> **RECORDS FOR THIS EXERCISE**
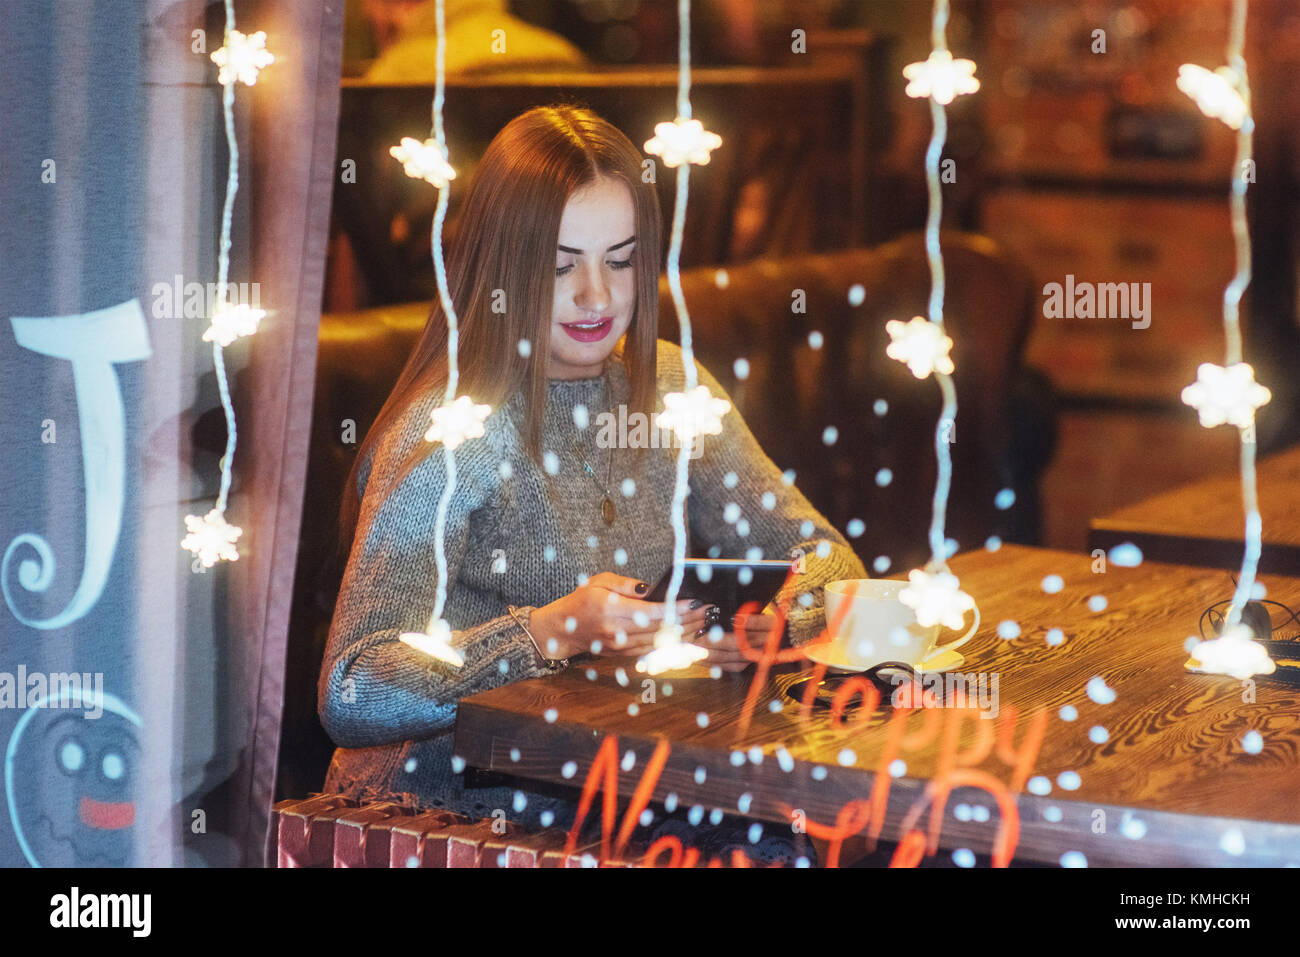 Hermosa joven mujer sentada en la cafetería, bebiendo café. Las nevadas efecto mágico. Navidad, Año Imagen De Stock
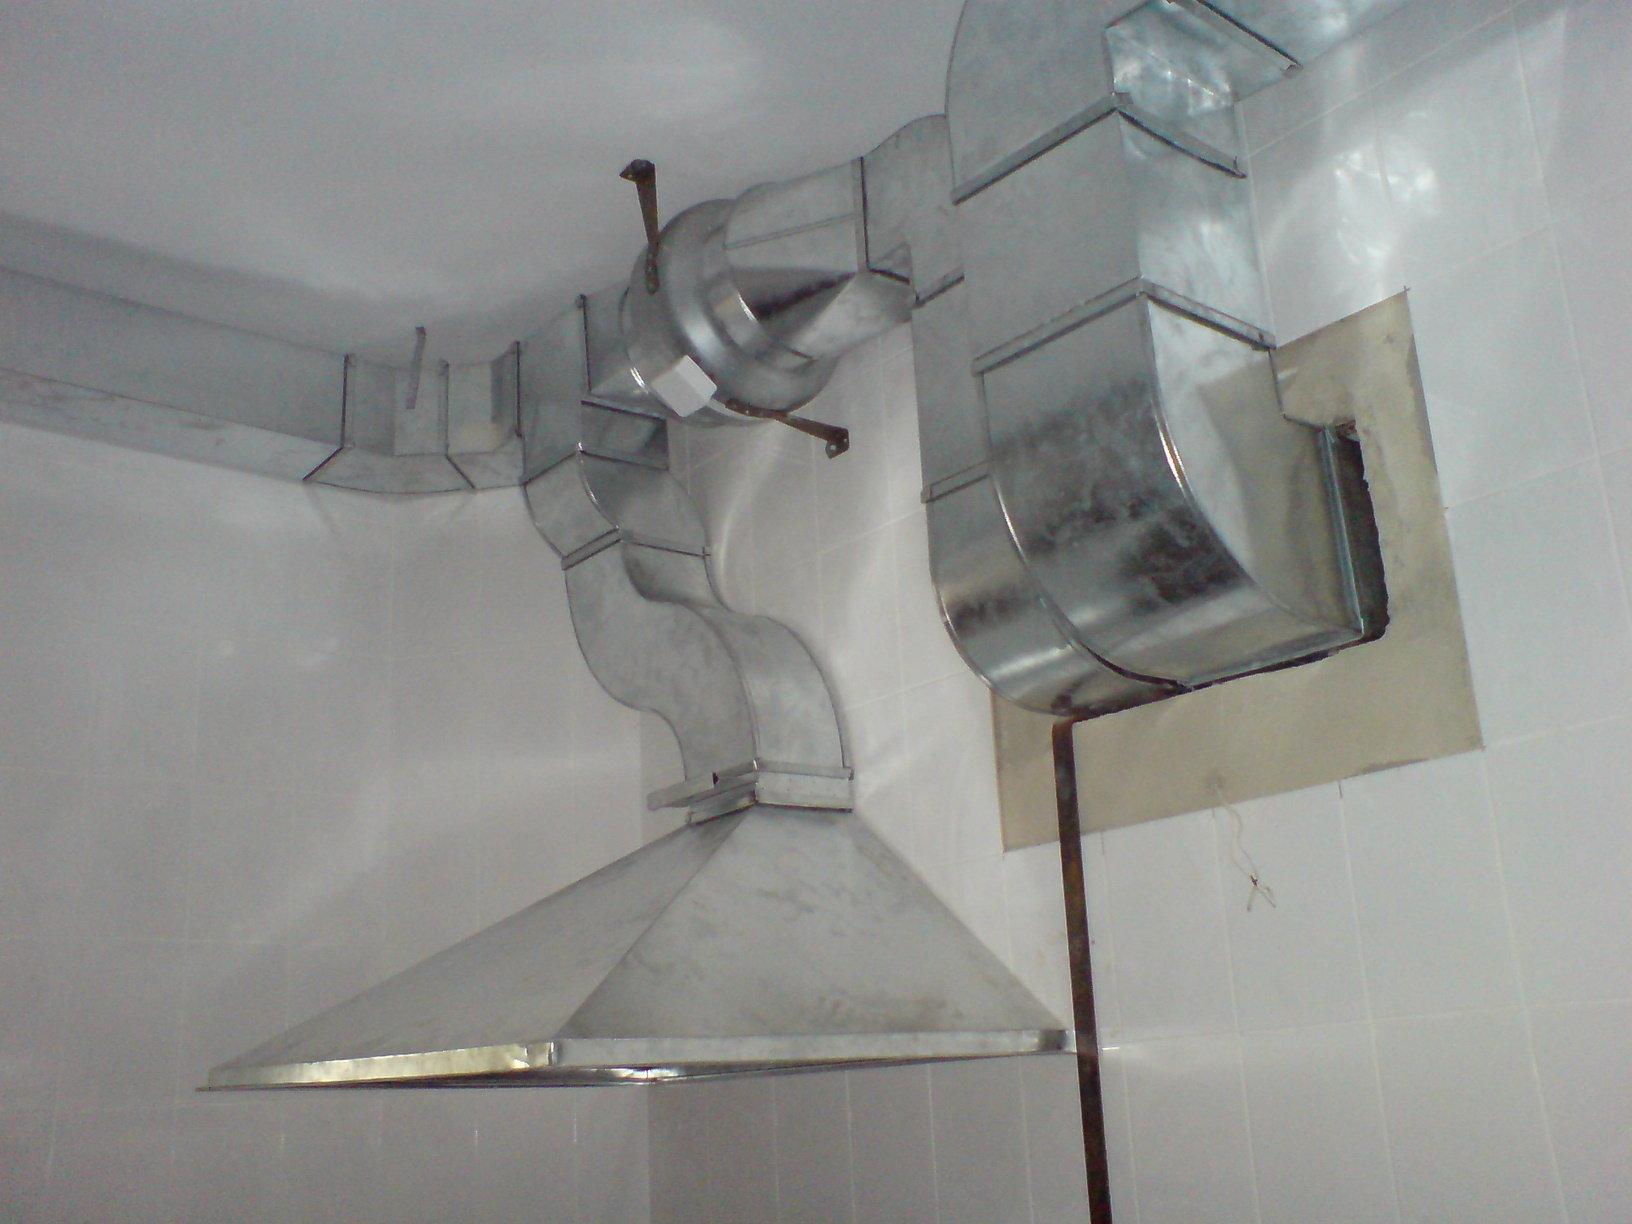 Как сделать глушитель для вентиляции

--

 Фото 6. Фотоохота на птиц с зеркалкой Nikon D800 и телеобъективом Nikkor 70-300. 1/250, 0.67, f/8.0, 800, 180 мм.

---

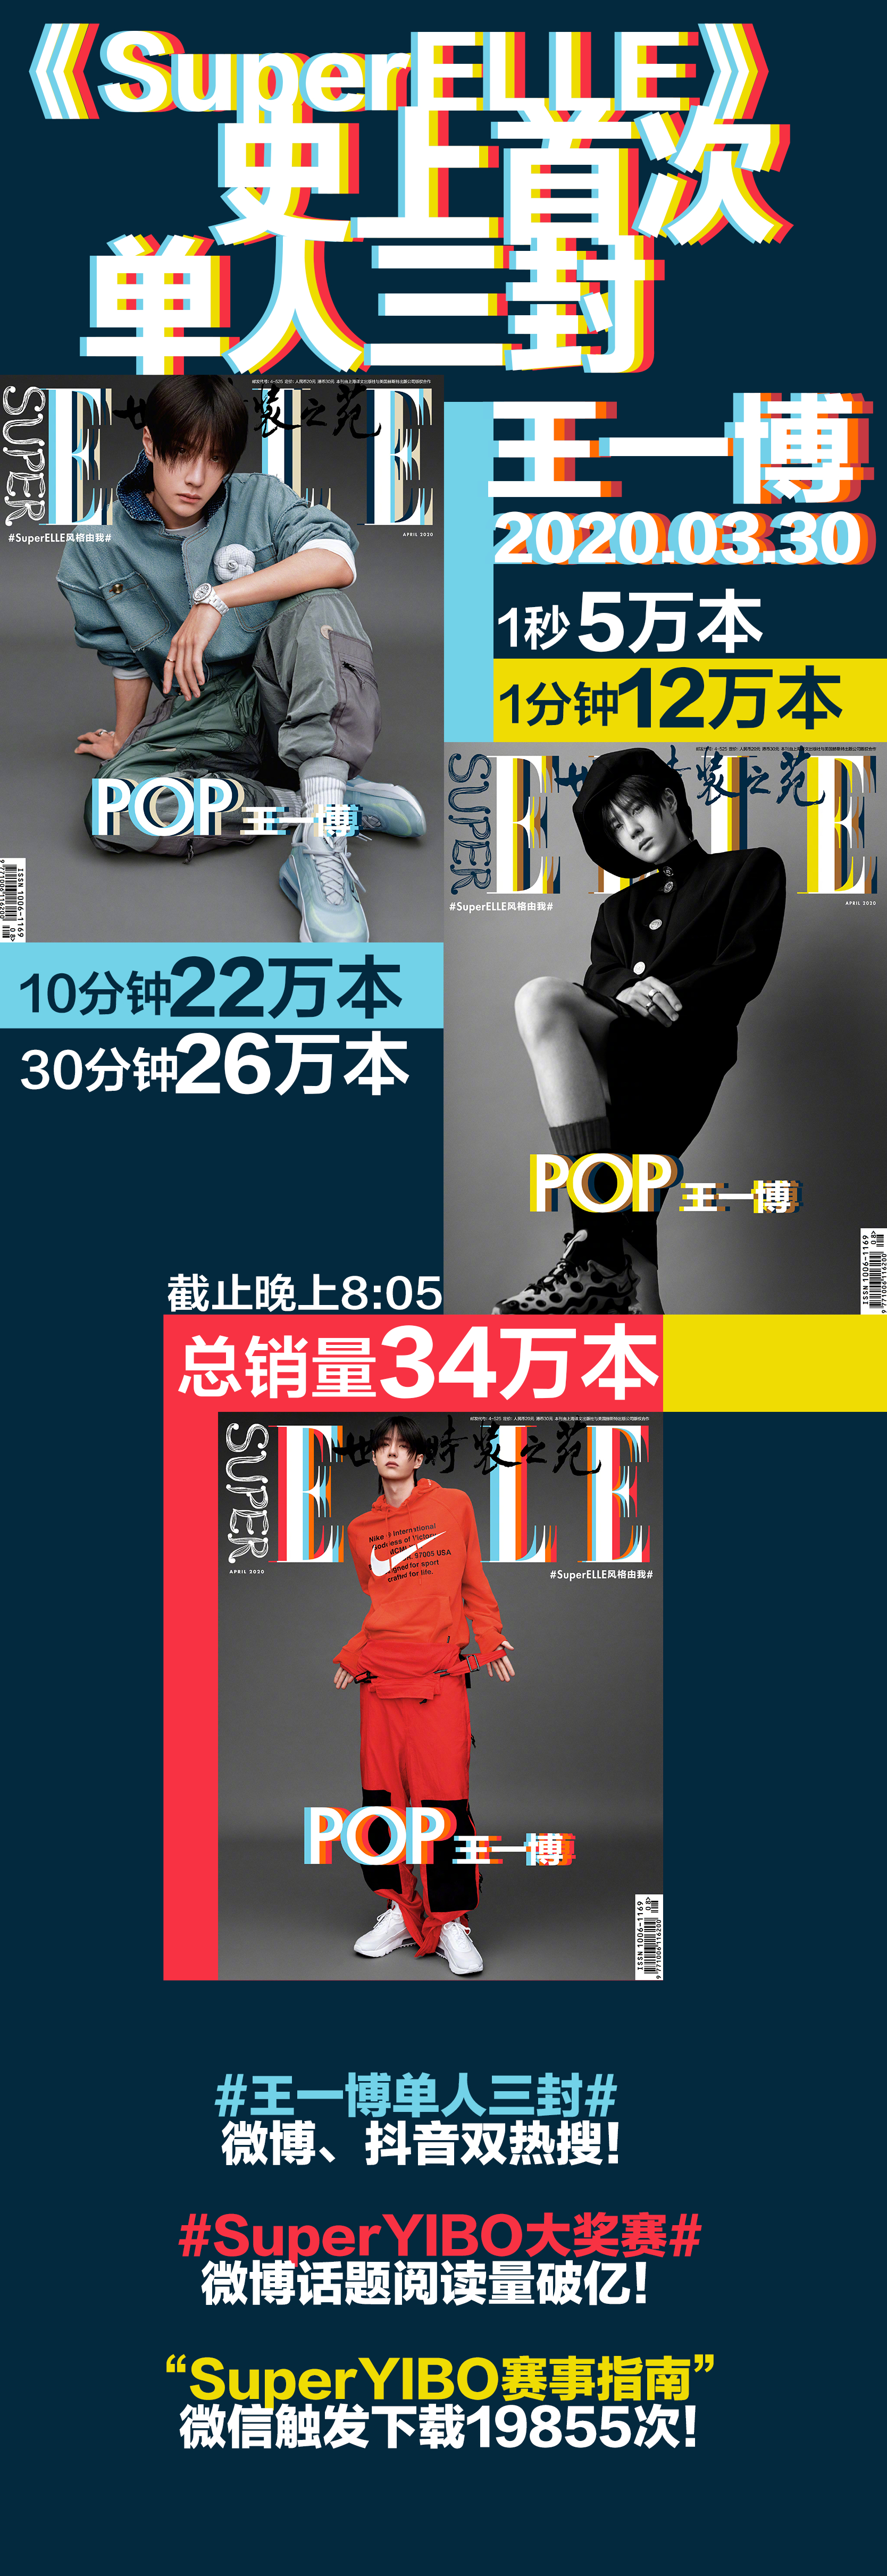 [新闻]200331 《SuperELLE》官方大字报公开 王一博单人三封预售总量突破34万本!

> **PROBLEM DESCRIPTION**
Beginning with the line above that has "Hermosa joven mujer" and going on through the line that has "Как сделать глушитель для вентиляции", retype every line exactly and add nothing else; drop the pictures.

> **RESULT FOR THIS EXERCISE**
 Hermosa joven mujer sentada en la cafetería, bebiendo café. Las nevadas efecto mágico. Navidad, Año Imagen De Stock
 Как сделать глушитель для вентиляции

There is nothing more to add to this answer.